With above-mentioned page fast conversion method accordingly, the embodiment of the present application also provides a kind of page quick switching device, its structure comprises as shown in Figure 6:
Request receiving module 400 is for the page request that receives the user;
The page returns module 600, is used for returning result after the arrangement to user side.
Further, for the labels at different levels in the dom tree, described label filtering module 500 as shown in Figure 7, it specifically can comprise:,
Preliminary label filtering module 510, be used for the subtab for current level, at first according to tag library this grade subtab filtered;
Structural type label filtering module 520, for the structural type label of described reservation after filtering, according to structure label dictionary, it is filtered;
Wherein, the structural type label for keeping after filtering based on structure label dictionary repeats the step of above-mentioned module to its next stage subtab, until filtered all labels.
Wherein, preliminary label filtering module 510 specifically comprises the label judge module, is used for after every grade of subtab being carried out according to tag library every grade of subtab is filtered:
For the text label of described reservation, change described text label and content thereof over to page arrangement step with corresponding father's label;
For the image tag of described reservation, when the size of the image of described image tag indication is lower than the preliminary dimension size threshold value, then change described image tag and content thereof and corresponding father's label over to page arrangement step;
For the structural type label of described reservation, change structural type label filtration step over to.

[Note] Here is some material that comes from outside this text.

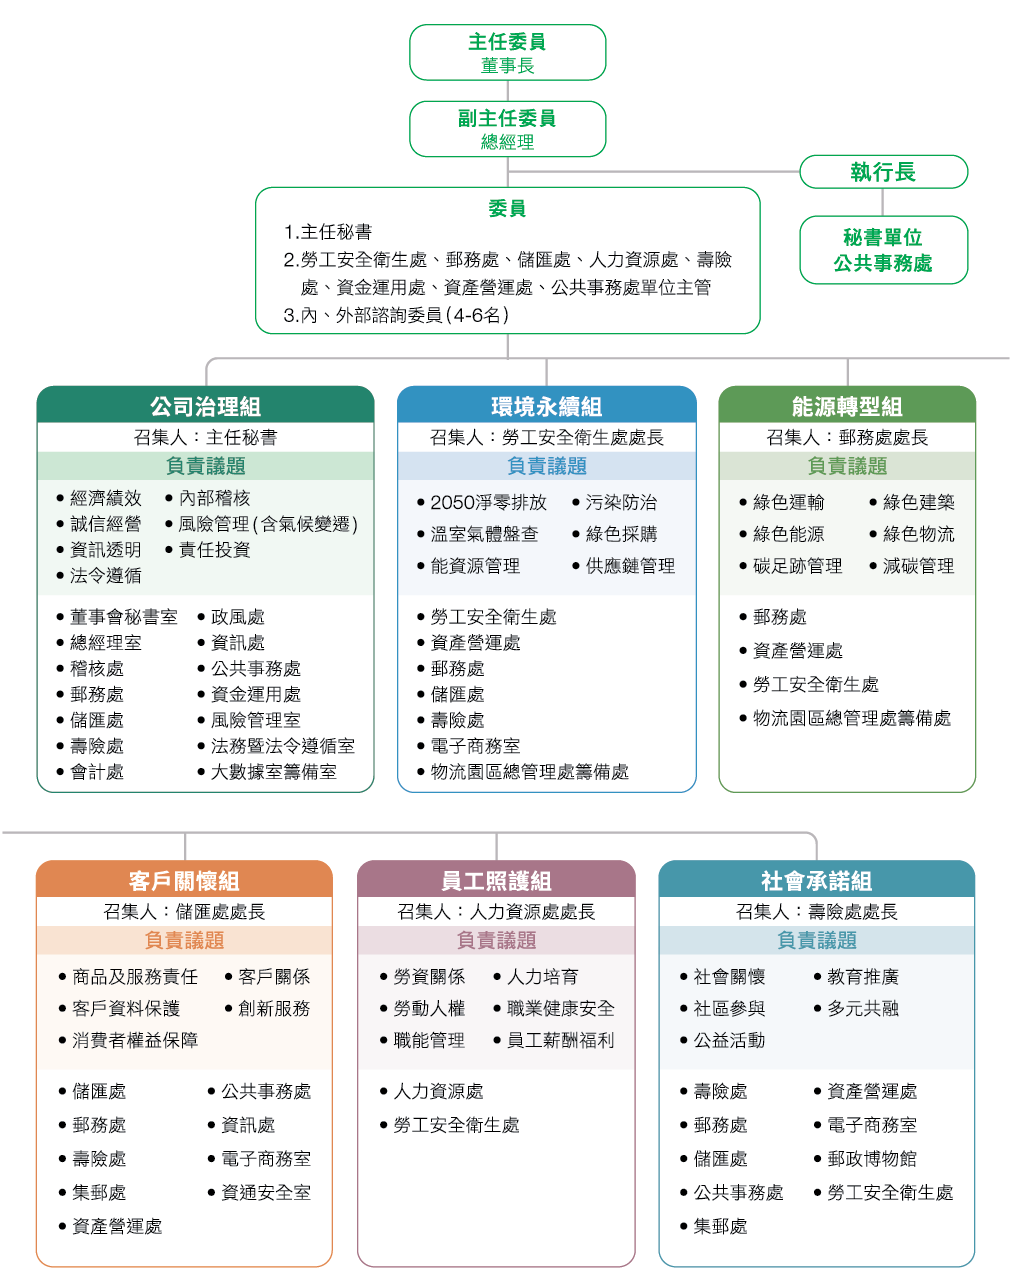 中華郵政永續發展委員會之組織架構

Further, described structural type label filtering module 520, as shown in Figure 8, it specifically comprises:
Search module S521, for each structural type label, the label word according in its id attribute and/or the class attribute text carries out matched and searched in the label word of structure label dictionary;
Obtain label similarity module S522, be used for according to the matched and searched result, according to the label rule set, calculate the label similarity of label word in described structural type label and the structural type label dictionary;
Judge filtering module S523, the label similarity that calculates and the threshold value that presets are compared, and according to comparative result described structural type label is filtered.

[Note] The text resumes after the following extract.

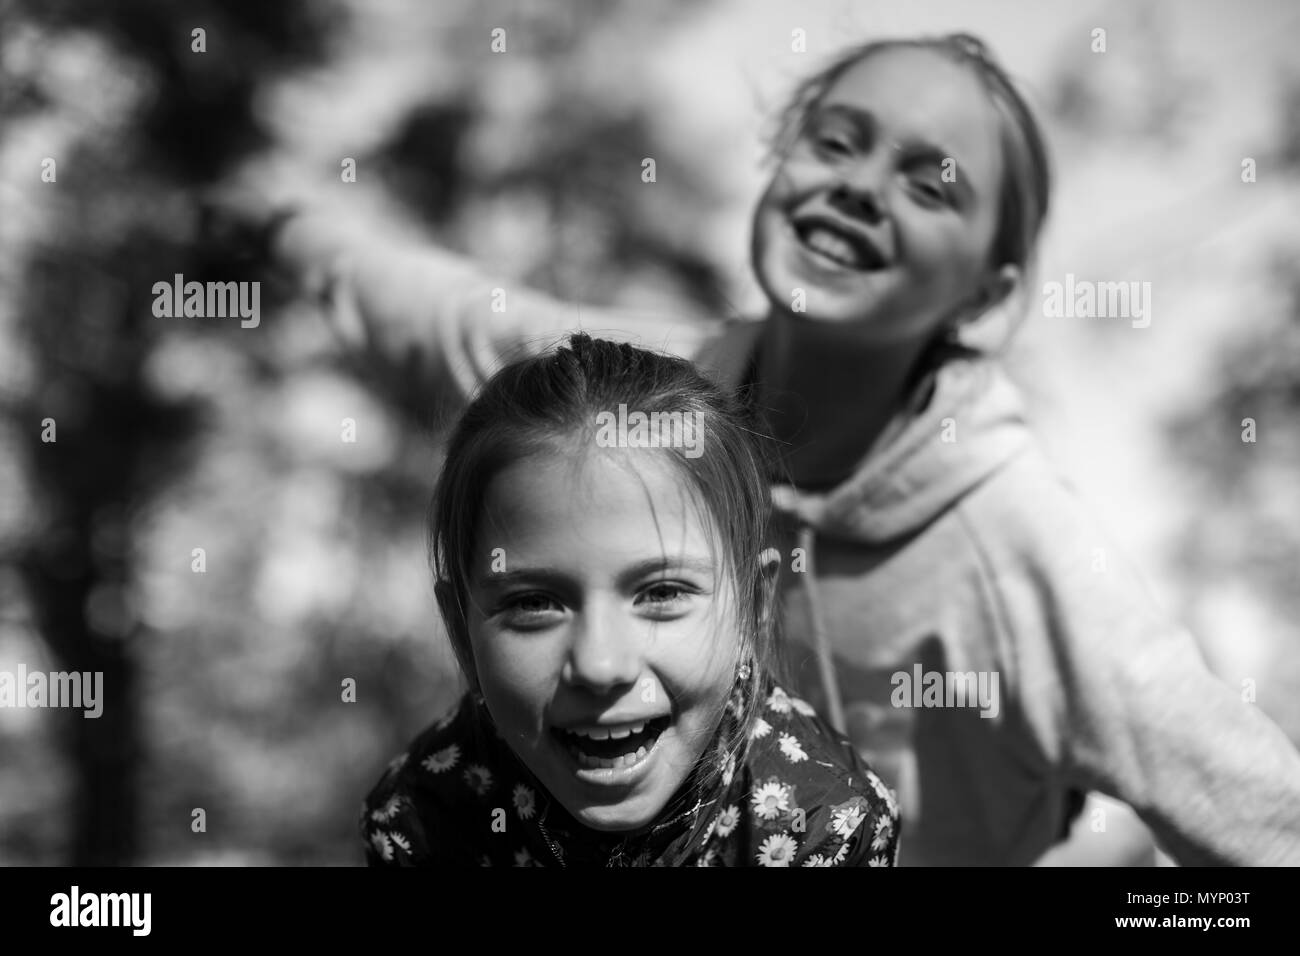 Deux filles soeurs ou amies s'amuser en plein air. Noir et blanc. Banque D'Images

With reference to Fig. 9, it shows the structural representation of the quick converting system of the preferred a kind of page of the application.
Described system comprises user side 700 and server 800; Described server 700 comprises the device of page fast conversion method;
Described user side 700 is used for submitting to request of access and receives the page;
Described server 800 is used for receiving request of access and the transmits page data arrive its page quick switching device, and the page that page quick switching device is generated sends to user side 700;
Described page quick switching device comprises:
The request receiving module is used for receiving the user side page request;
Page acquisition module is used for obtaining page documents, and resolves the dom tree structure of described page documents;
The label filtering module is used for according to tag library and structure label dictionary, and the labels at different levels in the described dom tree are filtered;
Page sorting module, the label of the dom tree after being used for filtering and the content that comprises thereof write display frame according to institute's counter structure;
The page returns module, is used for returning result after the arrangement to user side.

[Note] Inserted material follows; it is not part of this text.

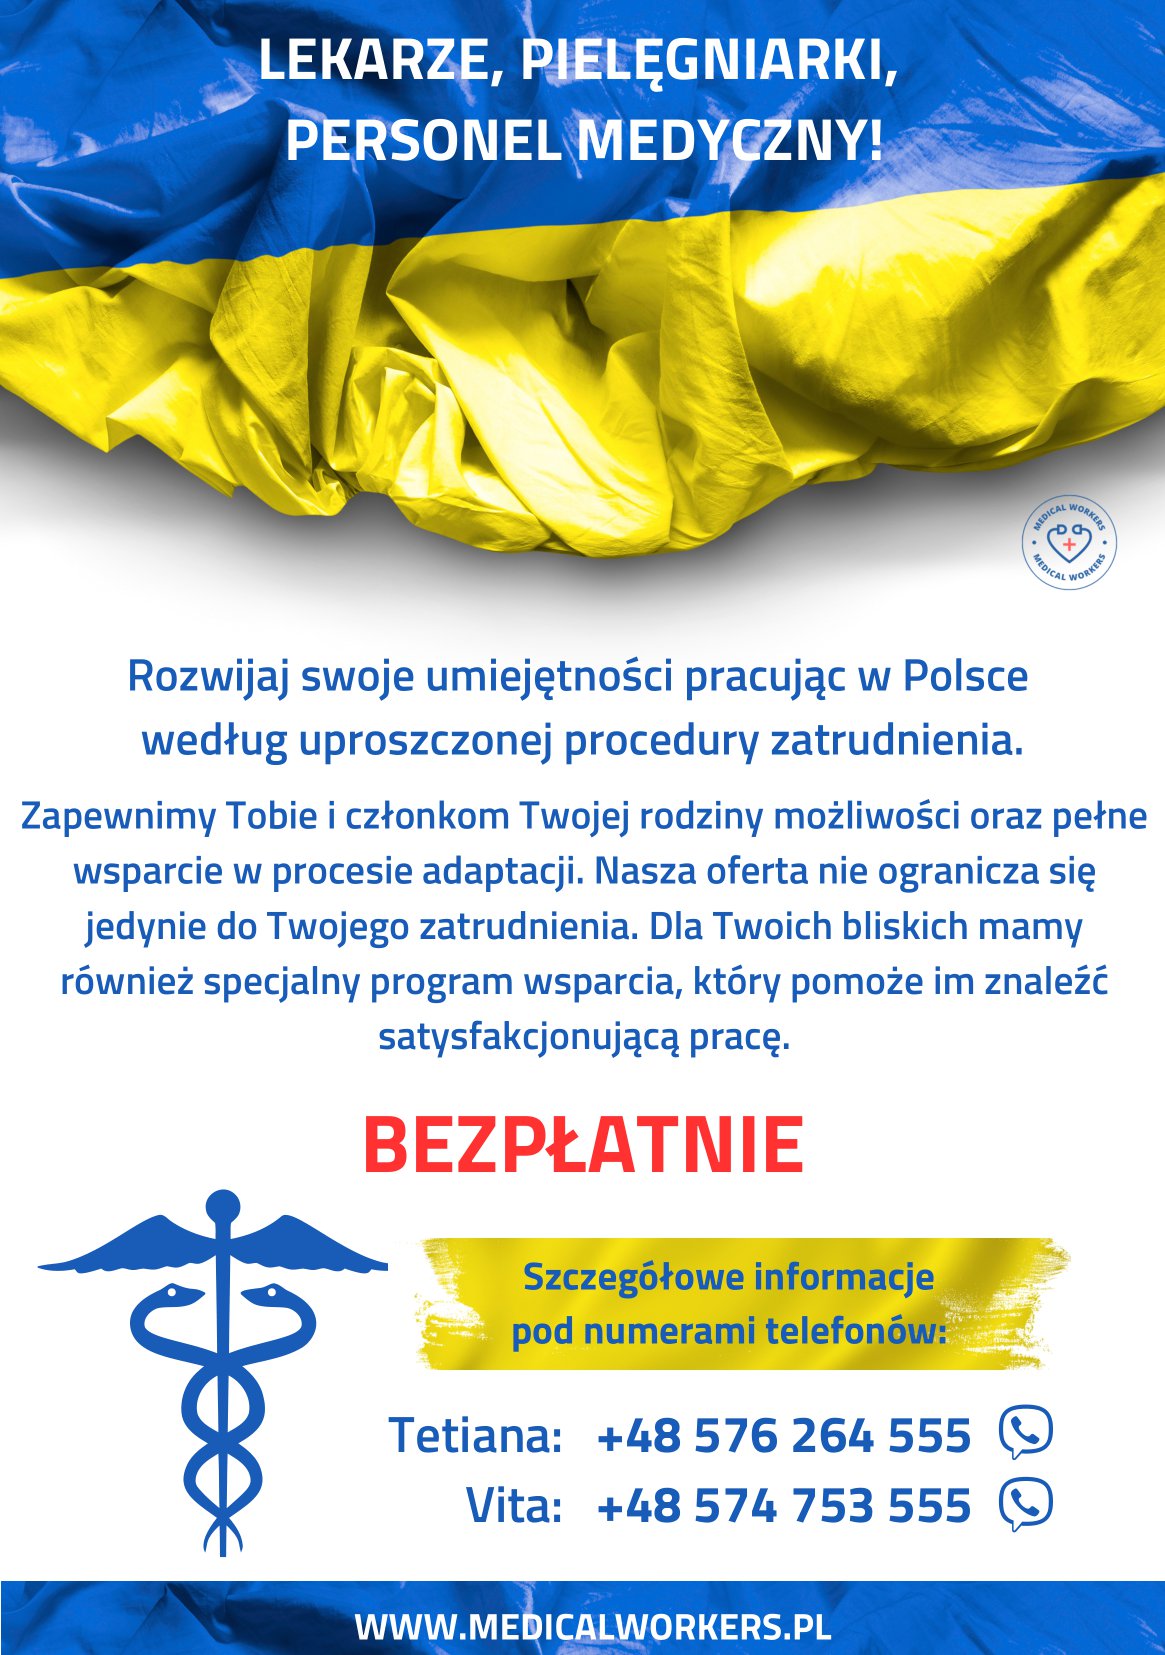 Personel medyczny - ulotka informacyjna w języku polskim (1 strona)

Preferably, for the labels at different levels in the dom tree, described label filtering module specifically comprises:
Preliminary label filtering module, be used for the subtab for current level, at first according to tag library this grade subtab filtered;
Structural type label filtering module, be used for the structural type label for described reservation after filtering, according to structure label dictionary, it filtered;
In actual applications, can convert fast web page to the WAP page.
With reference to Figure 10, it shows the workflow synoptic diagram of the quick converting system of a kind of page of the application.
User side submits to request access to server;
Server transmits data to page quick switching device;
Page quick switching device at first receives request of access, and then according to the document of the acquisition request page, recycling tag library, structure label dictionary and label rule set traversal dom tree filter label, then write display frame; So just in server, generated the new page.
Server returns to user side with the new page again.
Wherein, the new page can be real-time return to user side, also can be temporarily stored within a certain period of time in the server, if when this section in the period server receive other users to the request of access of the same page, server just can have been changed this complete new page and send to these user sides.
Pass through the application, at first, the application's process is by utilizing the label analytic technique, the dom tree that recursive solution is separated out HTML in internal memory can obtain the web page structure, this process does not need local the storage fully, and finish the filtration of effective content by structure label dictionary and label rule set, such operation only needs that the resident structural type label dictionary of definition get final product in local internal memory, also can not need the storage of database and file;
Secondly, the application is that the content after denoising is filtered writes network data flow or file offers user's demonstration, and the complete content after also being about to filter writes the display frame template and removes to export the WAP page, can adapt to multiple occasion, and universality is strong;
Again, the whole process of the application be to web page can the real-time online complete process, have real-time.
In a word, the application's whole process can be finished by real-time online, stores without any need for this locality, and fast operation, all core calculations are finished in internal memory, do not need too much file I/O operation and database manipulation, can fast web page be converted to the WAP page.
Each embodiment in this instructions all adopts the mode of going forward one by one to describe, and what each embodiment stressed is and the difference of other embodiment that identical similar part is mutually referring to getting final product between each embodiment.For system embodiment because itself and embodiment of the method basic simlarity, so describe fairly simple, relevant part gets final product referring to the part explanation of embodiment of the method.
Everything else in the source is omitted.